Formas alternativas de resolução de conflitos, como a mediação, negociação e conciliação, estão em voga no Brasil. Em nível institucional, o governo tem tomado diversas medidas  para desafogar o judiciário e resolver milhões de demandas que pesam no erário público e pioram ainda mais o funcionamento do sistema judiciário.

 

Mas não é só o Poder Judiciário que sofre com o alto volume de processos. Alguns estudos publicados indicam que as empresas gastam cerca de 2% de seu faturamento anual com demandas no judiciário (Clique aqui para ver o resultado desses estudos). Anualmente, isso significa um montante de, aproximadamente, R$ 124 bilhões que são gastos com demandas na justiça. Esses números ainda não englobam reclamações extrajudiciais, como reclamações no PROCON, por exemplo.

Altos Custos

Os custos que as organizações têm com demandas no judiciário vão muito além do valor da indenização.
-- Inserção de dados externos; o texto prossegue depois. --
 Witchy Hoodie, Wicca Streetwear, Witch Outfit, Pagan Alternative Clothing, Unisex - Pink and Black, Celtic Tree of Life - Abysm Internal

Para manter um processo judicial, a empresa tem que arcar com o valor de honorários advocatícios, equipe interna, sistema de gerenciamento de processos, juros (que rendem um valor bem maior do que qualquer investimento de baixo risco), garantias judiciais, peritos, etc.

 

Mas, não para por aí… consumidores insatisfeitos que entram com ações contra as empresas são clientes detratores da marca, ou seja, clientes que não só não voltam a comprar da empresa, como também esparramam o seu descontentamento pelas redes sociais, atingindo todos os contatos. Considerando que para a empresa adquirir um cliente novo custa 7 vezes mais do que manter um cliente fidelizado, fica fácil concluir que, muitas vezes, o problema de imagem da empresa perante seus consumidores litigantes pode ultrapassar facilmente a monta dos R$ 124 bilhões gastos com as demandas propriamente ditas.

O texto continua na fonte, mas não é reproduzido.